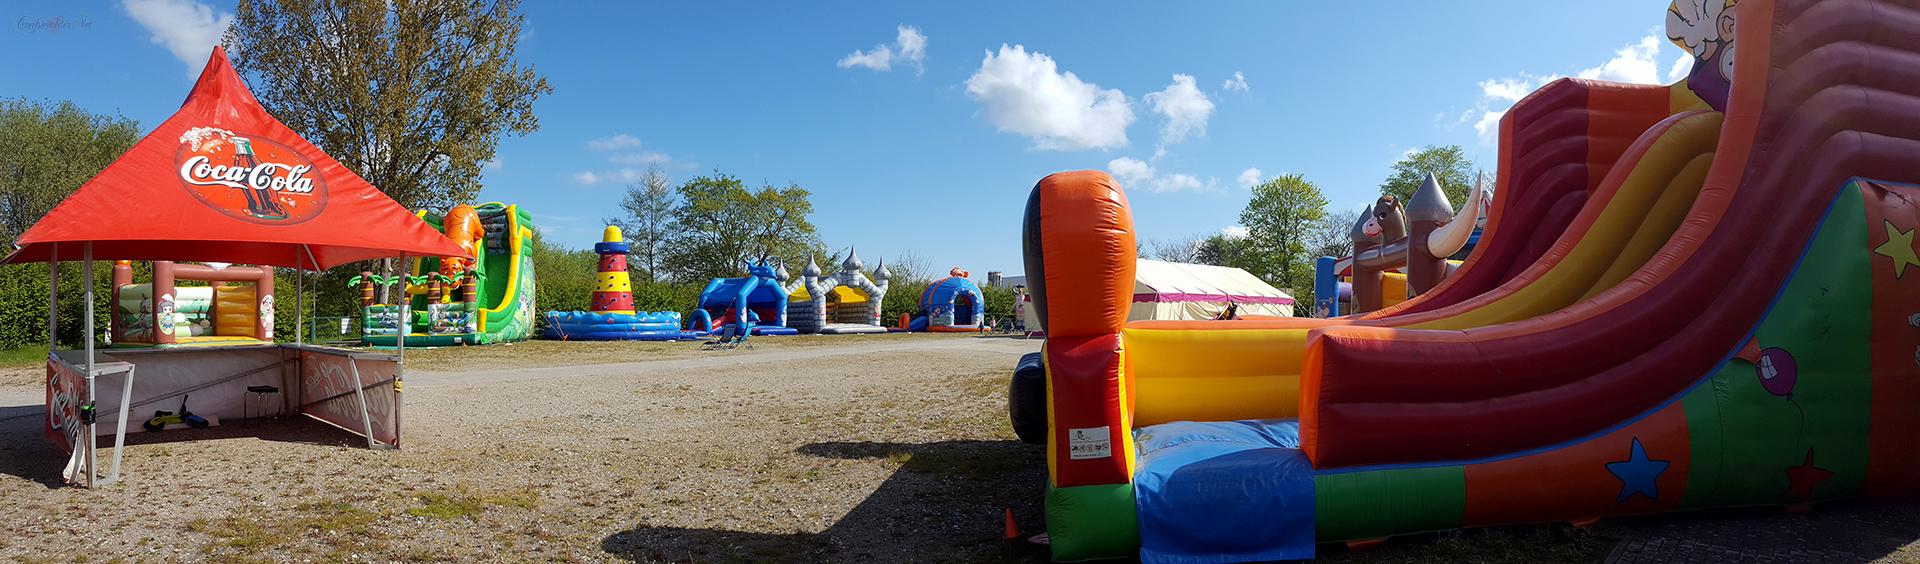 Mickys Hüpfburgen - Familien und Fun Park
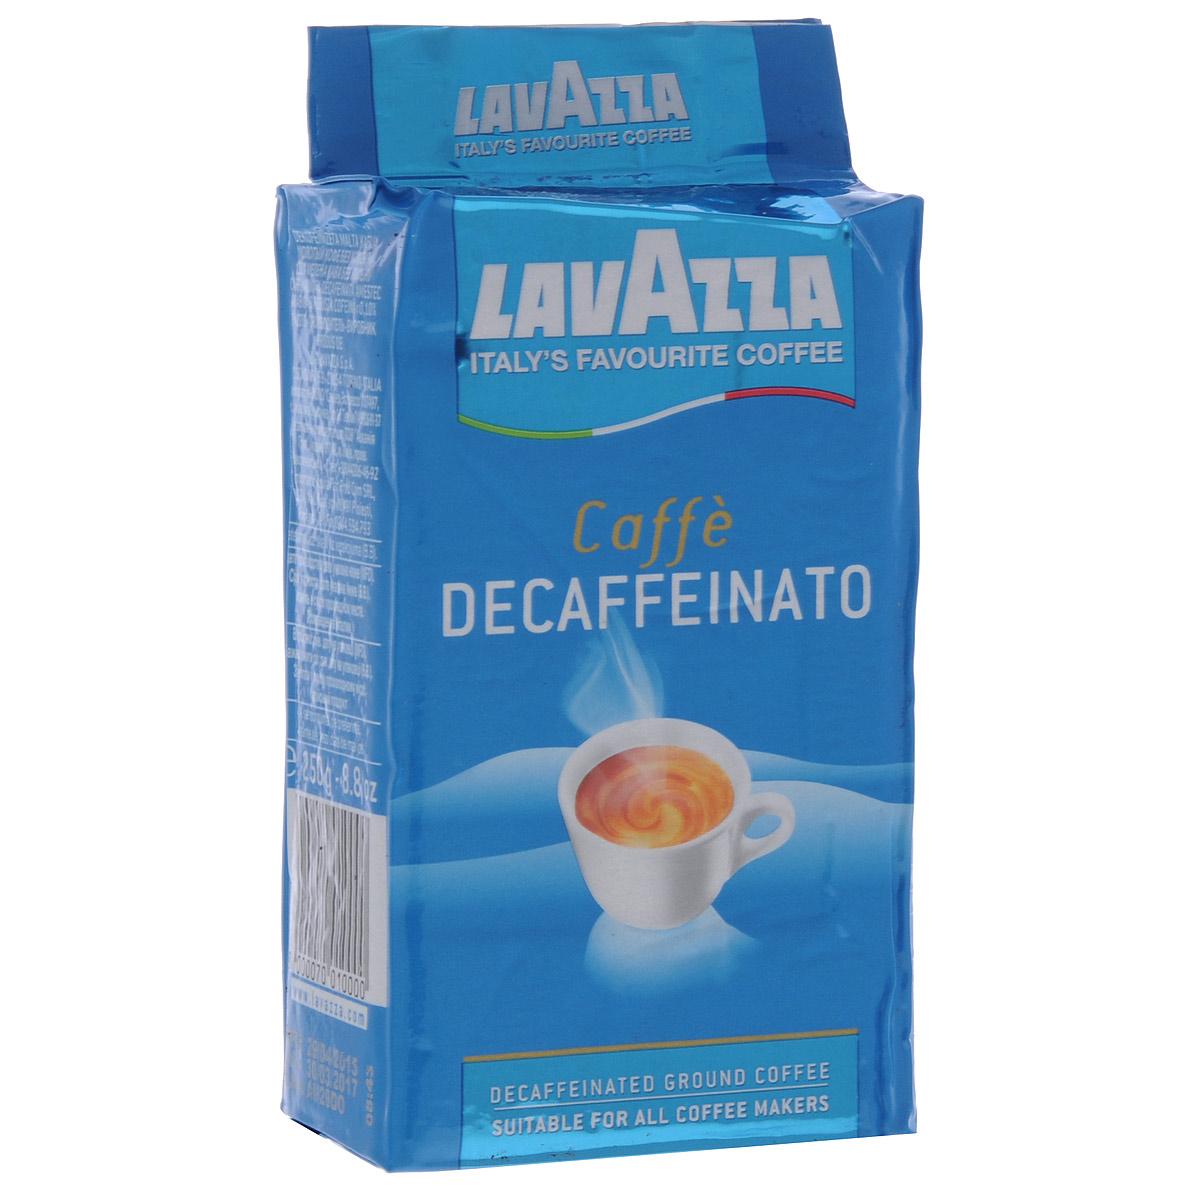 Lavazza Decaffeinato кофе молотый, 250 г (в/у)1000Lavazza Decaffeinato - бодрящий напиток без кофеина. Он изготовлен из лучших сортов азиатской робусты и бразильской арабики. Нежный вкус и яркий аромат молотого кофе Lavazza Decaffeinato придадут бодрости и сил. Настоящая находка для тех кто ищет кофе без кофеина,c безупречным качеством Lavazza!
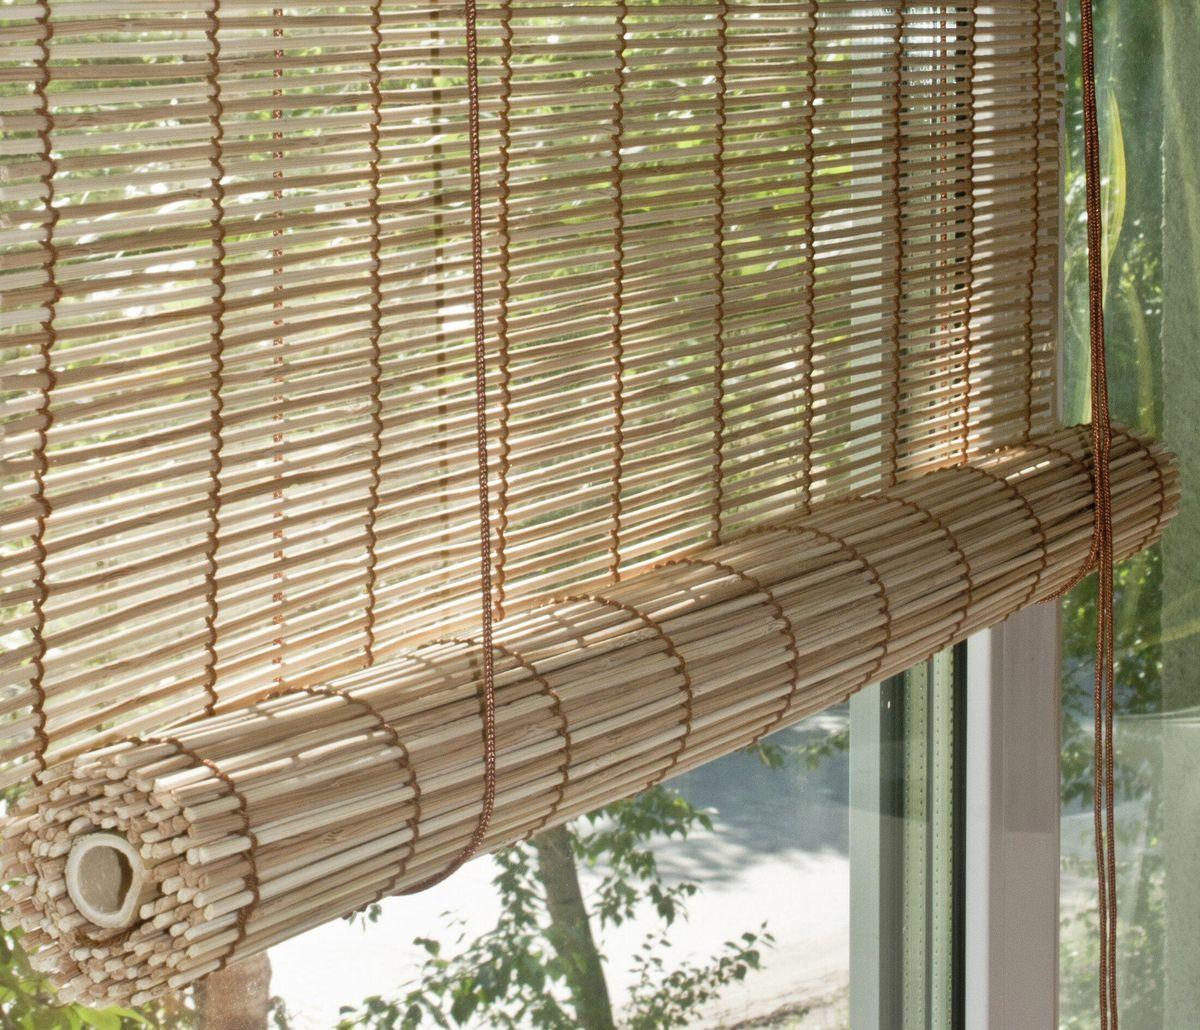 Штора рулонная Эскар Бамбук, цвет: натуральный микс, ширина 50 см, высота 160 смS03301004При оформлении интерьера современных помещений многие отдают предпочтение природным материалам. Бамбуковые рулонные шторы - одно из натуральных изделий, способное сделать атмосферу помещения более уютной и в то же время необычной. Свойства бамбука уникальны: он экологически чист, так как быстро вырастает, благодаря чему не успевает накопить вредные вещества из окружающей среды. Кроме того, растение обладает противомикробным и антибактериальным действием. Занавеси из бамбука безопасно использовать в помещениях, где находятся новорожденные дети и люди, склонные к аллергии. Они незаменимы для тех, кто заботится о своем здоровье и уделяет внимание высокому уровню жизни.Бамбуковые рулонные шторы представляют собой полотно, состоящее из тонких бамбуковых стеблей и сворачиваемое в рулон.Римские бамбуковые шторы, как и тканевые римские шторы, при поднятии образуют крупные складки, которые прекрасно декорируют окно.Особенность устройства полотна позволяет свободно пропускать дневной свет, что обеспечивает мягкое освещение комнаты. Это натуральный влагостойкий материал, который легко вписывается в любой интерьер, хорошо сочетается с различной мебелью и элементами отделки. Использование бамбукового полотна придает помещению необычный вид и визуально расширяет пространство.Помимо внешней красоты, это еще и очень удобные конструкции, экономящие пространство. Изготавливаются они из специальных материалов, устойчивых к внешним воздействиям. Сама штора очень эргономичная, и позволяет изменять визуально пространство в зависимости от потребностей владельца.
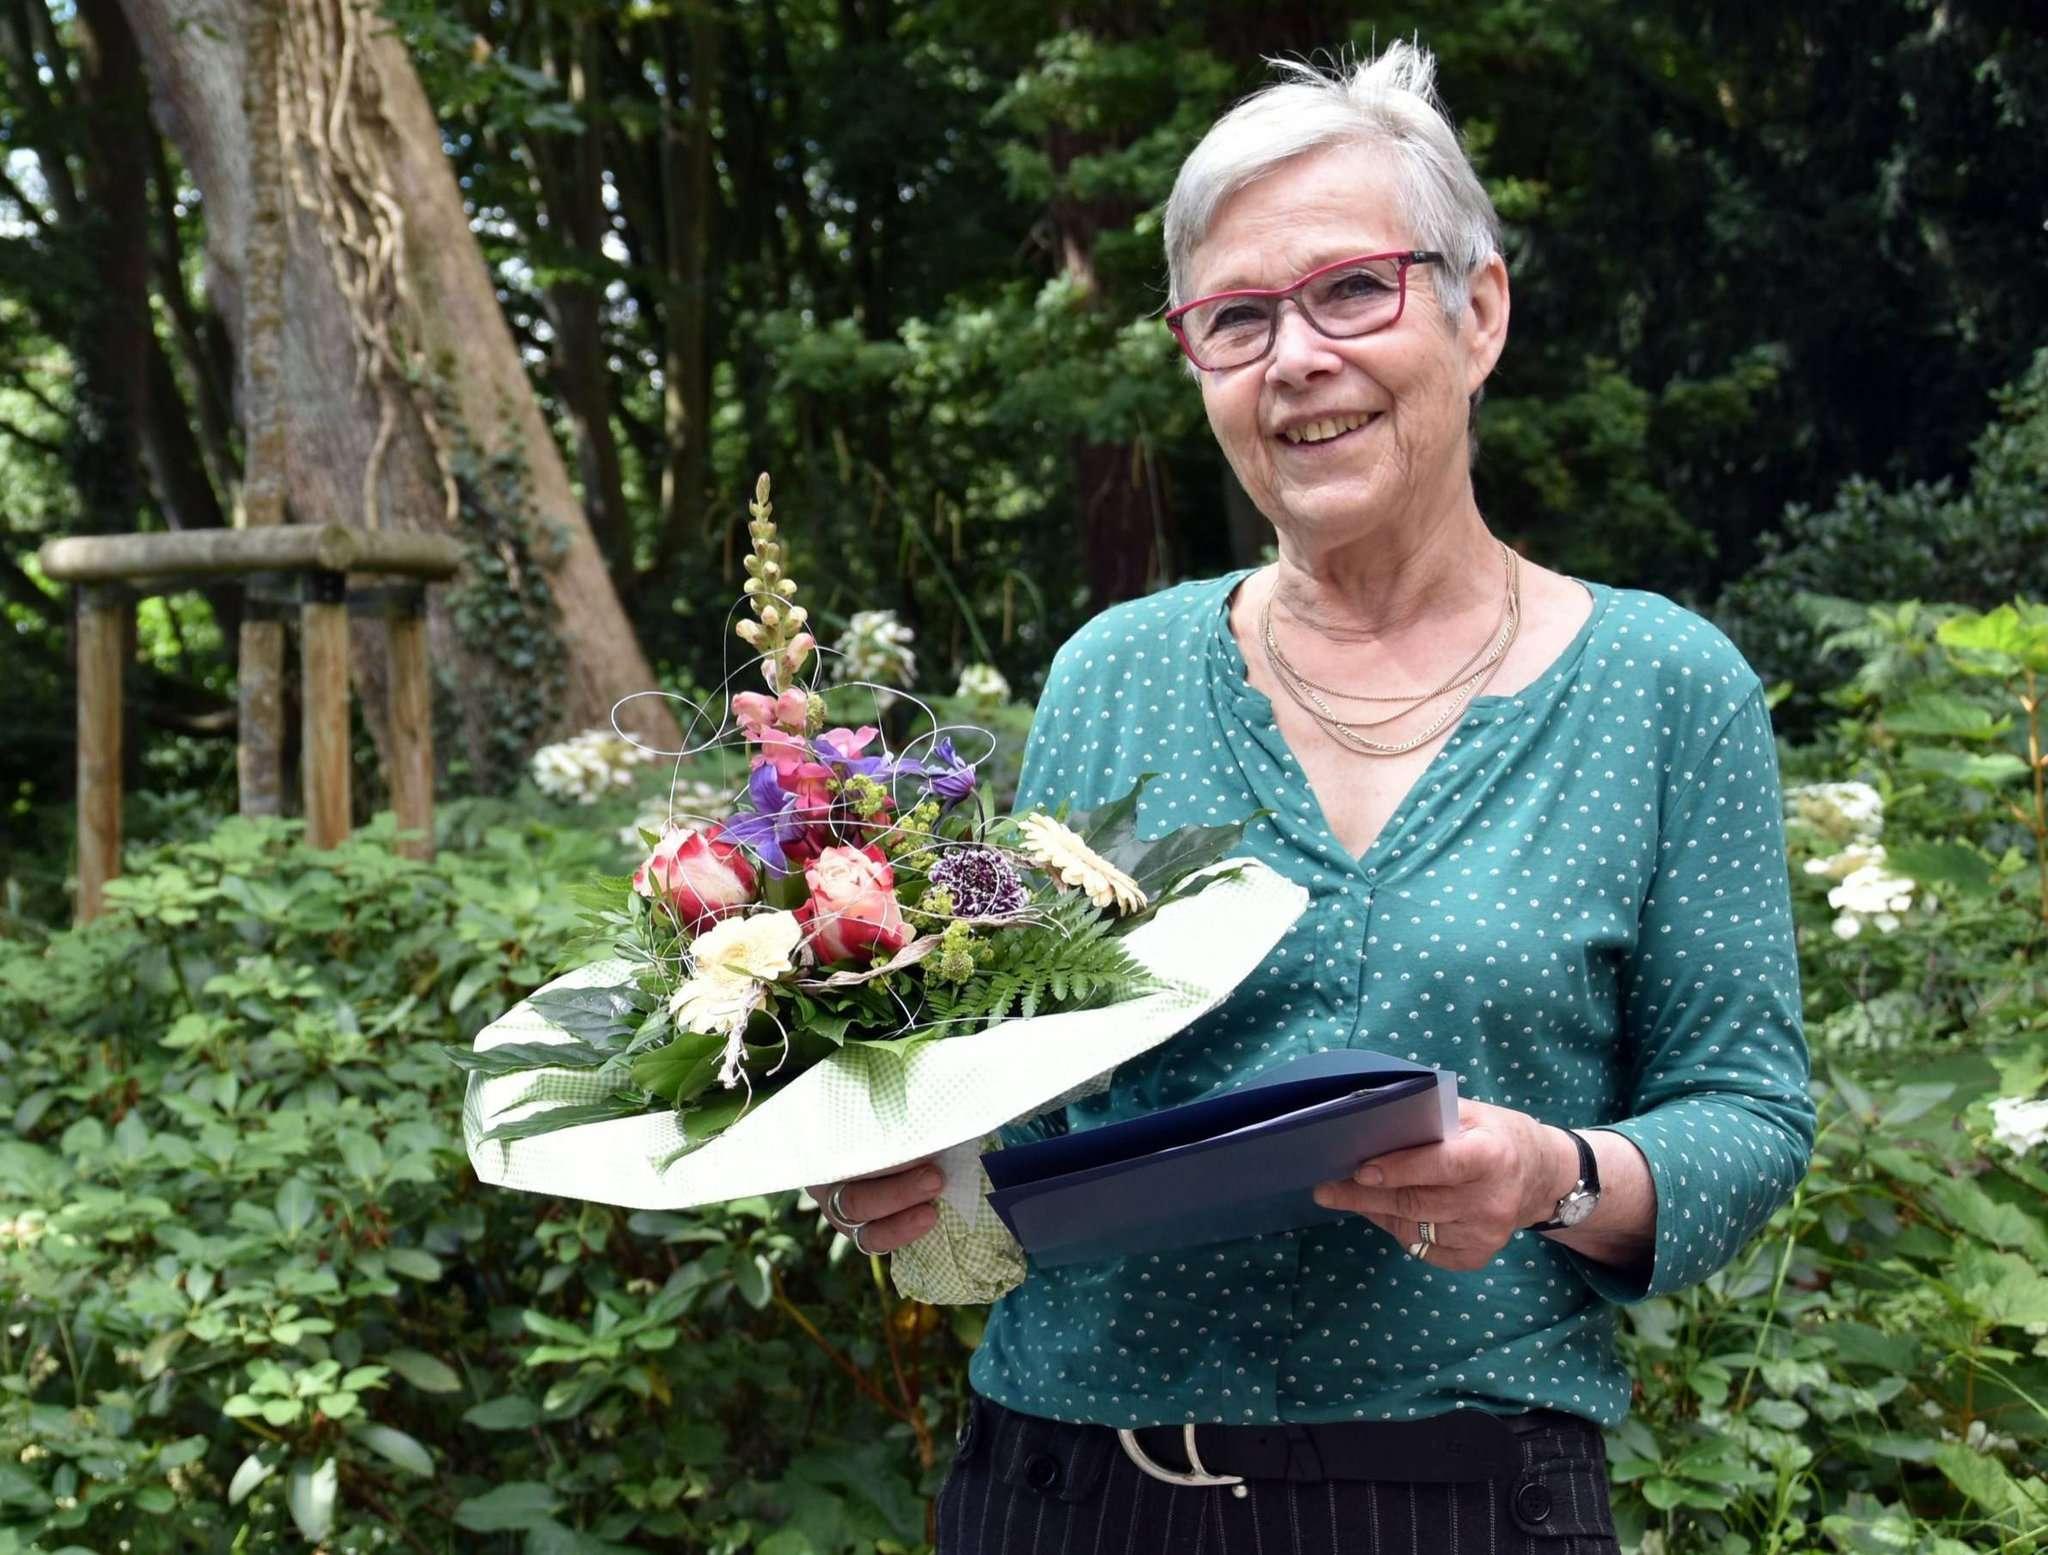 Zur Auszeichnung durch Landrat Hermann Luttmann gab es für Brigitte Mintenbeck noch einen Blumenstrauß dazu.

+ + + +

PROBLEM STATEMENT:
From the first line above through the line containing "Lavazza Decaffeinato кофе", copy everything exactly, without the pictures.

RESULT OF THIS TASK:
 Mickys Hüpfburgen - Familien und Fun Park
 Lavazza Decaffeinato кофе молотый, 250 г (в/у)1000Lavazza Decaffeinato - бодрящий напиток без кофеина. Он изготовлен из лучших сортов азиатской робусты и бразильской арабики. Нежный вкус и яркий аромат молотого кофе Lavazza Decaffeinato придадут бодрости и сил. Настоящая находка для тех кто ищет кофе без кофеина,c безупречным качеством Lavazza!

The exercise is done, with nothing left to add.